- Serves: 6 to 8
- Ingredient Notes: Corn-free, Dairy-free, Egg-free, Peanut-free, Soy-free, Tree nut-free
- Each serving
- 324 cal
- 25g fat (3.6g sat)
- 5mg chol
- 756mg sodium
- 20.7g carb
- 1.9g fiber
- 5.9g protein
Ingredients
- 2 cups whole black olives, pitted
- 1 3/4 ounces canned anchovy fillets
- 1 tablespoon capers, drained
- 2 cloves garlic, crushed
- 1/4 cup finely chopped fresh basil
- Grated zest and juice of 1 lemon
- 3/4 cup extra virgin olive oil
- Salt and pepper, to taste
- 1 baguette, sliced
Directions
Preheat oven to 425° F.
Finely chop olives, anchovies and capers with a knife or food processor and place in a bowl.
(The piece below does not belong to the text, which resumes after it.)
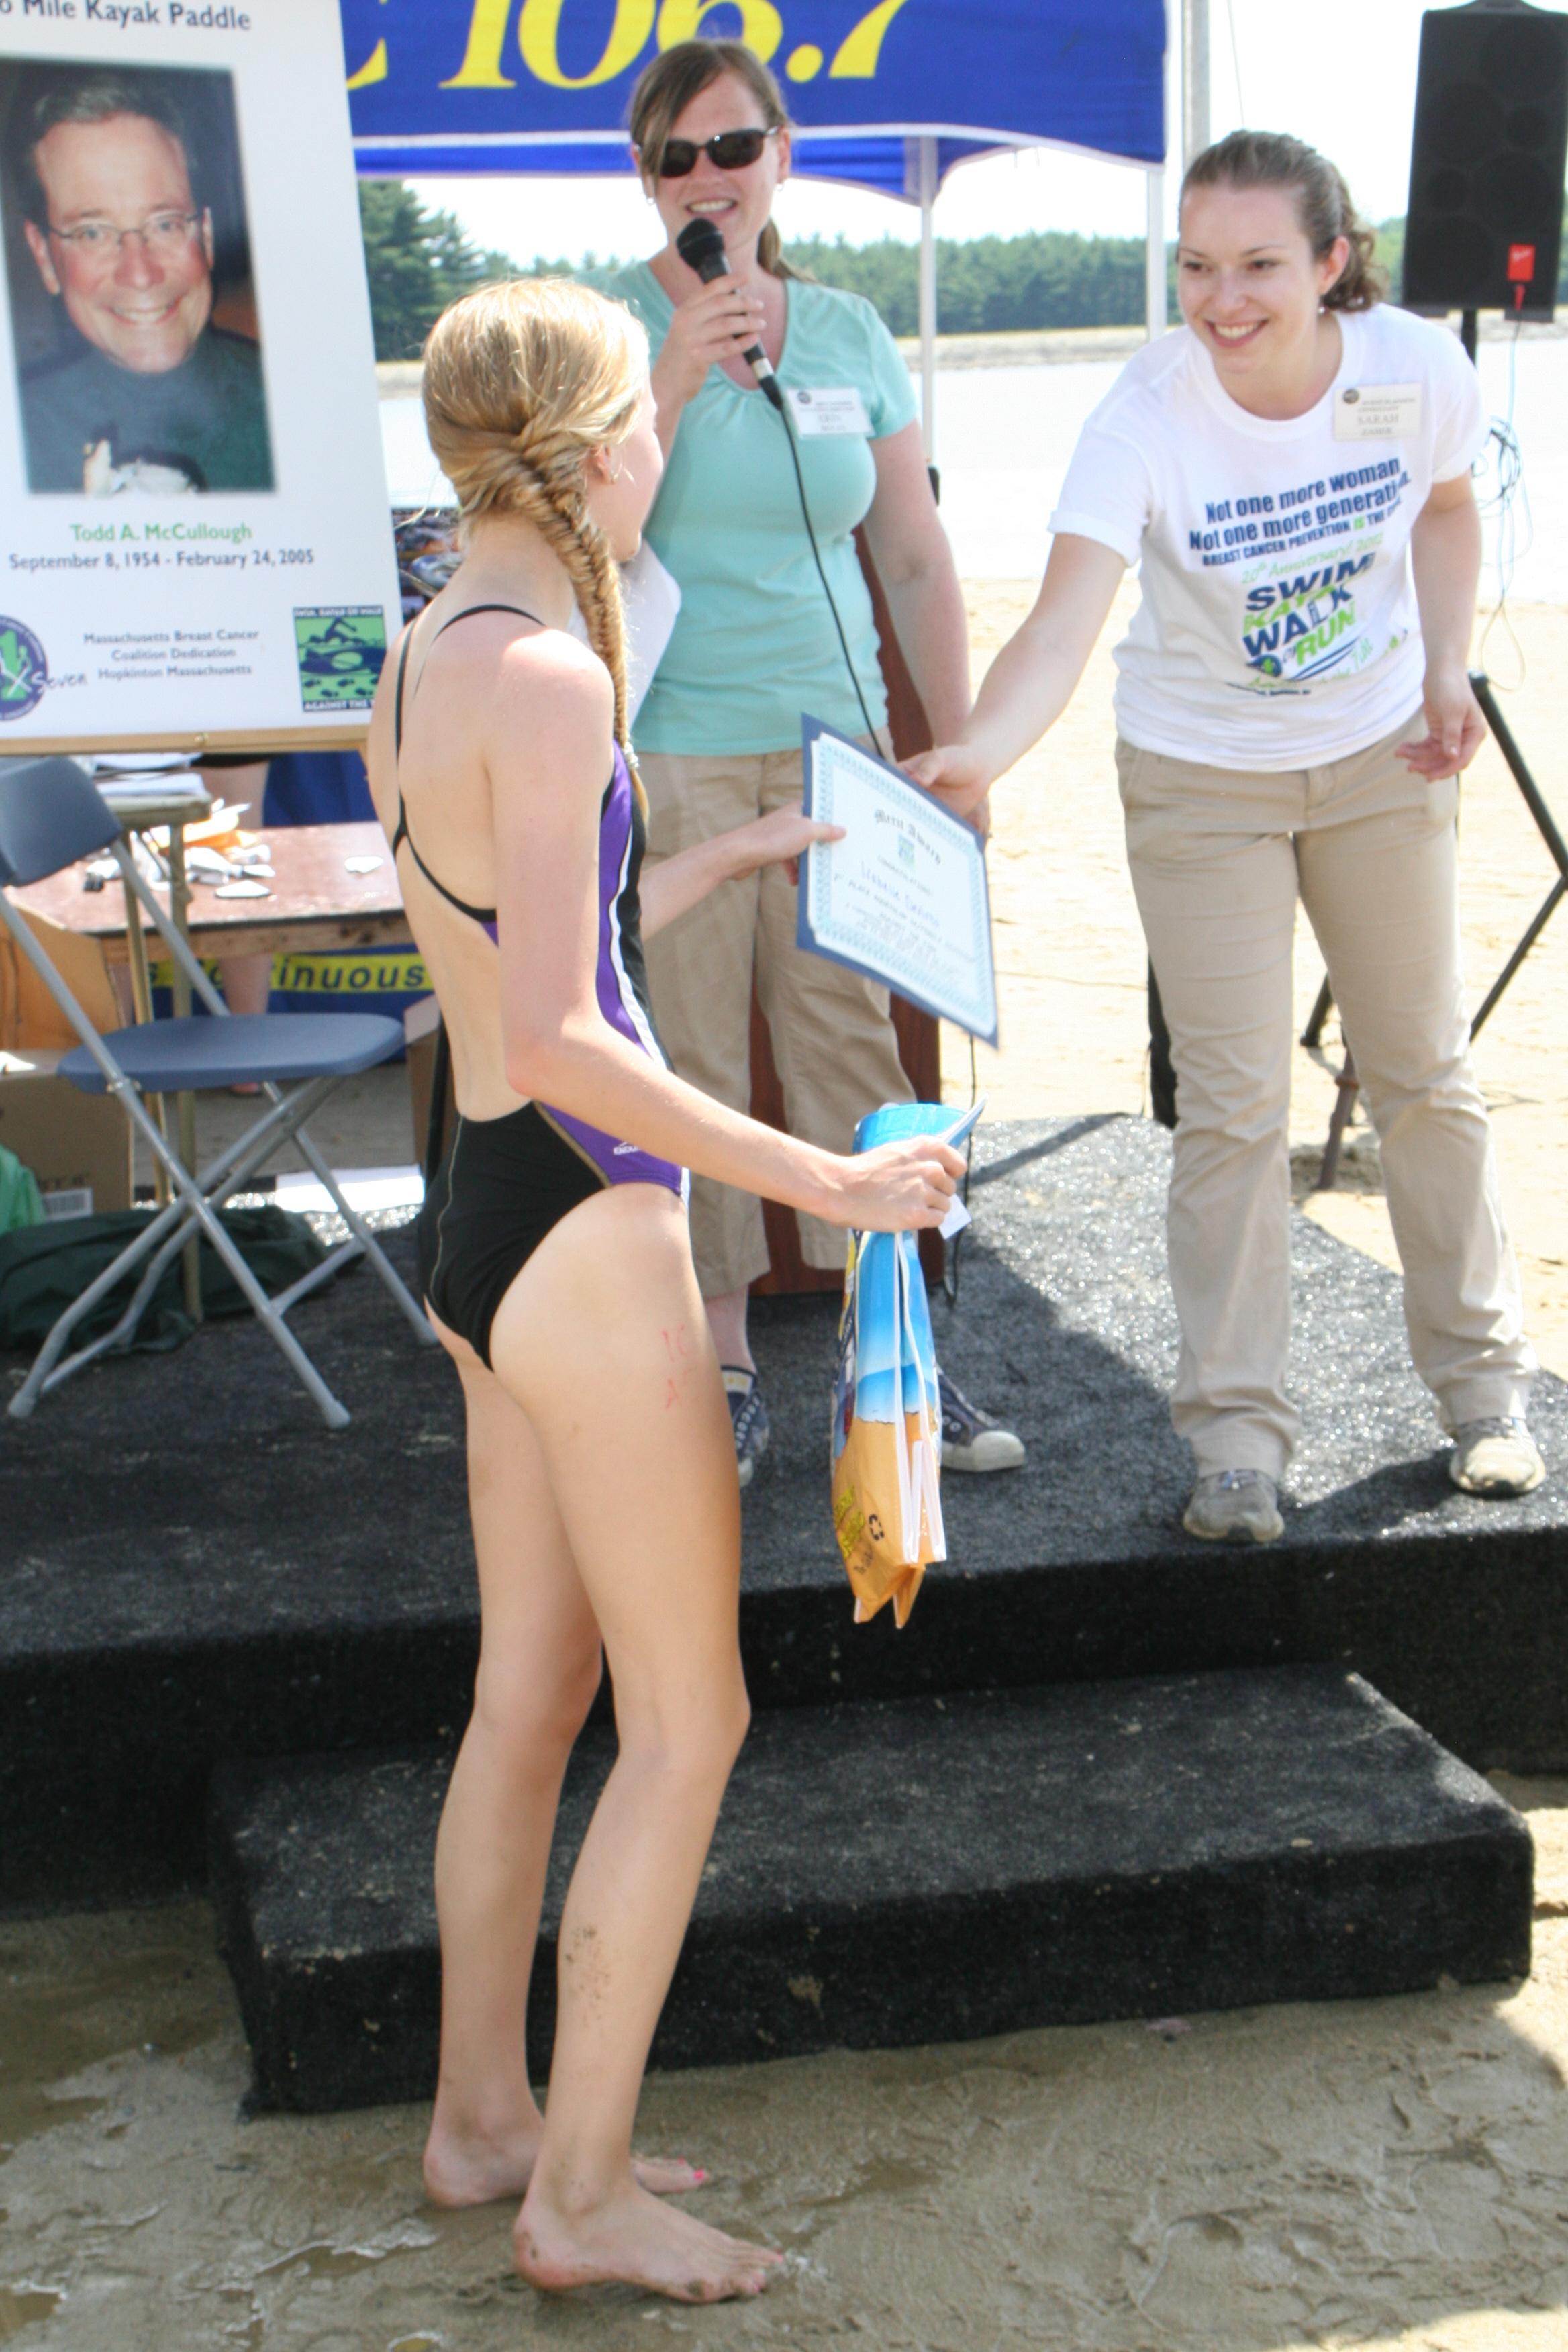 Swimmer Winner

Add garlic, basil, lemon zest and juice. Stir in oil and season well with salt and pepper.
Place bread slices on a baking sheet and toast for 4 to 5 minutes. Turn each piece and toast for another 1 to 2 minutes, until golden and crisp.
Spread tapenade on toasted baguette slices and serve.